Problem to work on> Exactly as written, return all the data, leaving its pictures behind.

━━━━━ Dataset content ━━━━━

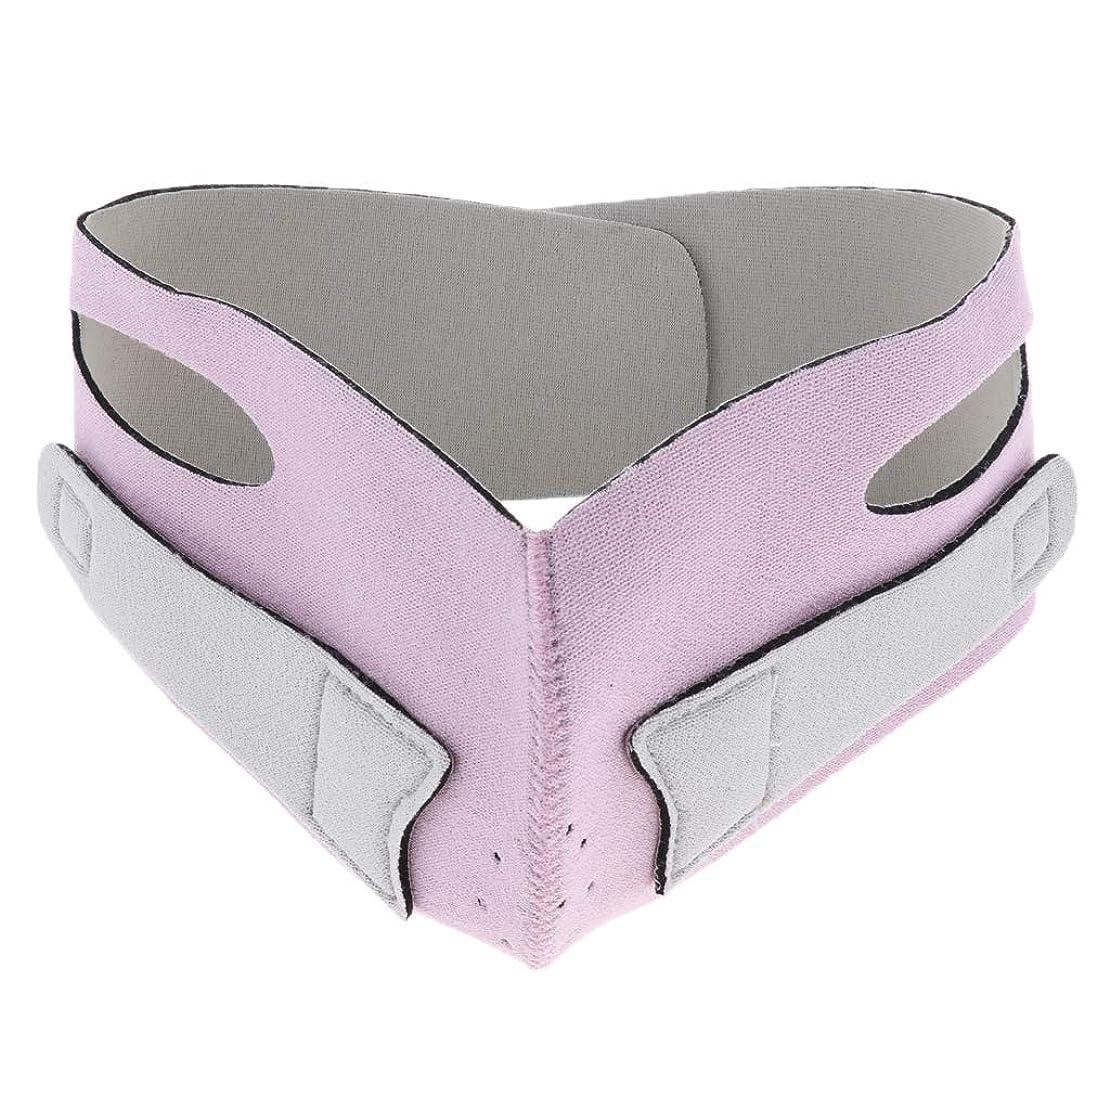 下着ハング大声でD DOLITY 引き上げマスク 頬リフトアップ V-ラインマスク リフティング リフトスリムマスク 通気性 全2色 - ピンク
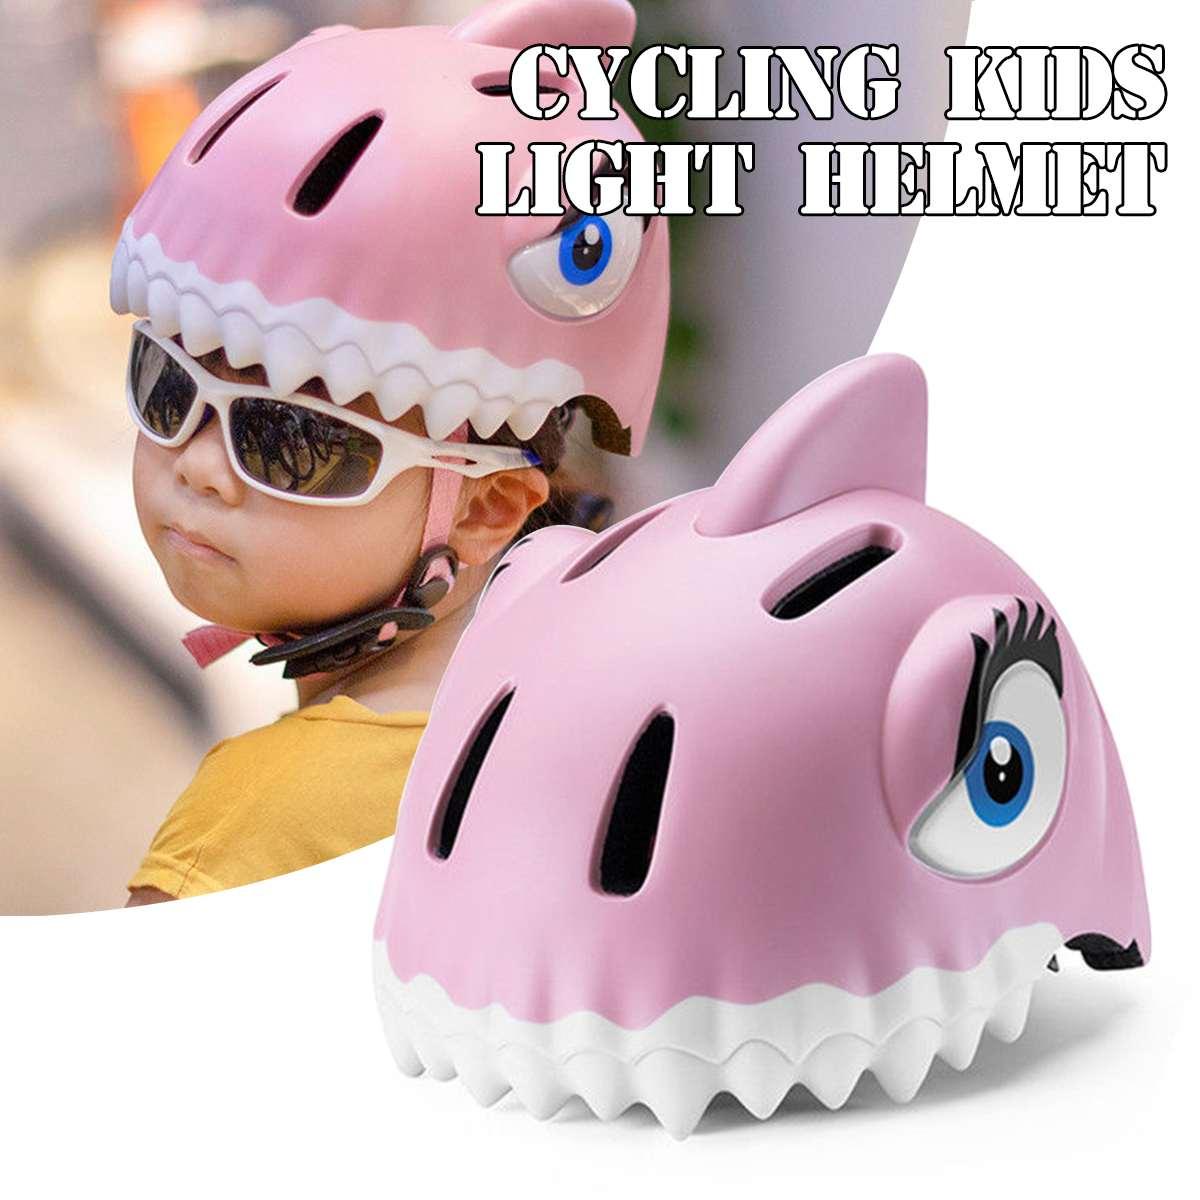 49-55cm Kid Light Helmet Skateboard Helmet Child Safety Animal Helmet Bicycle Helmet Cycling Caps Bicycle49-55cm Kid Light Helmet Skateboard Helmet Child Safety Animal Helmet Bicycle Helmet Cycling Caps Bicycle
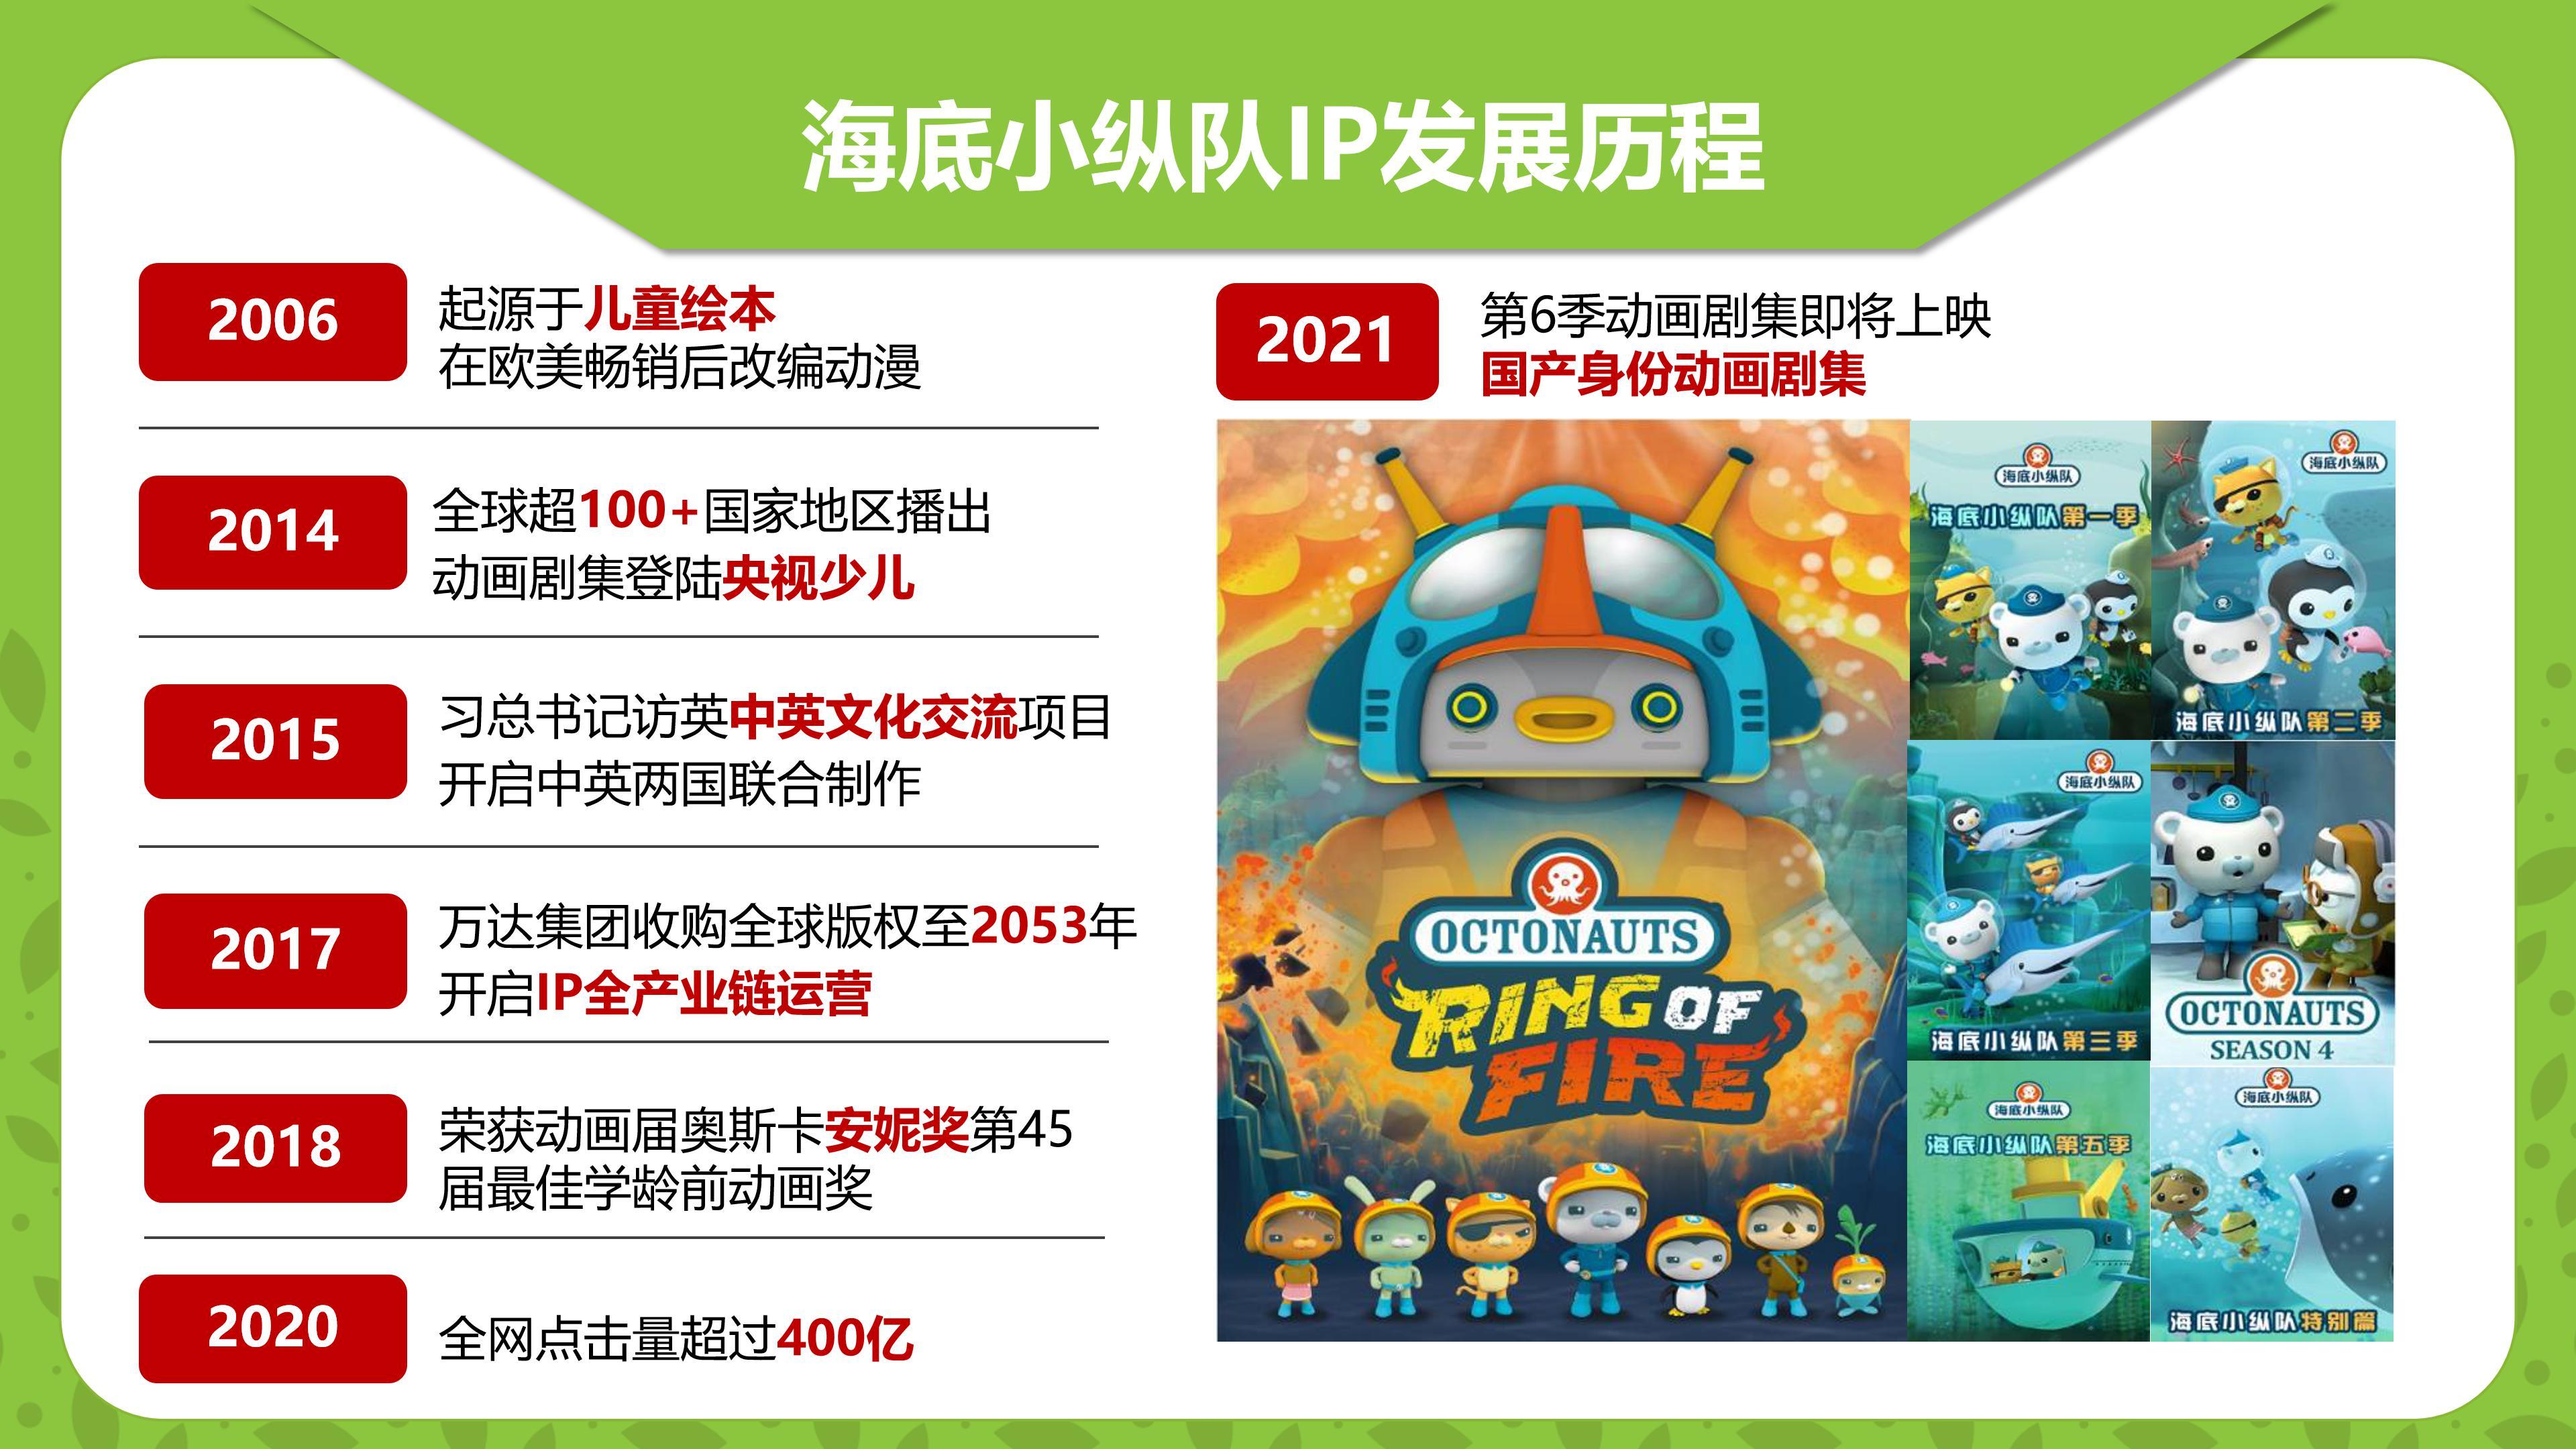 (202105对外版)-万达宝贝王IP介绍_12.jpg

━━━━━

Result of the task>
 下着ハング大声でD DOLITY 引き上げマスク 頬リフトアップ V-ラインマスク リフティング リフトスリムマスク 通気性 全2色 - ピンク
 49-55cm Kid Light Helmet Skateboard Helmet Child Safety Animal Helmet Bicycle Helmet Cycling Caps Bicycle49-55cm Kid Light Helmet Skateboard Helmet Child Safety Animal Helmet Bicycle Helmet Cycling Caps Bicycle
 (202105对外版)-万达宝贝王IP介绍_12.jpg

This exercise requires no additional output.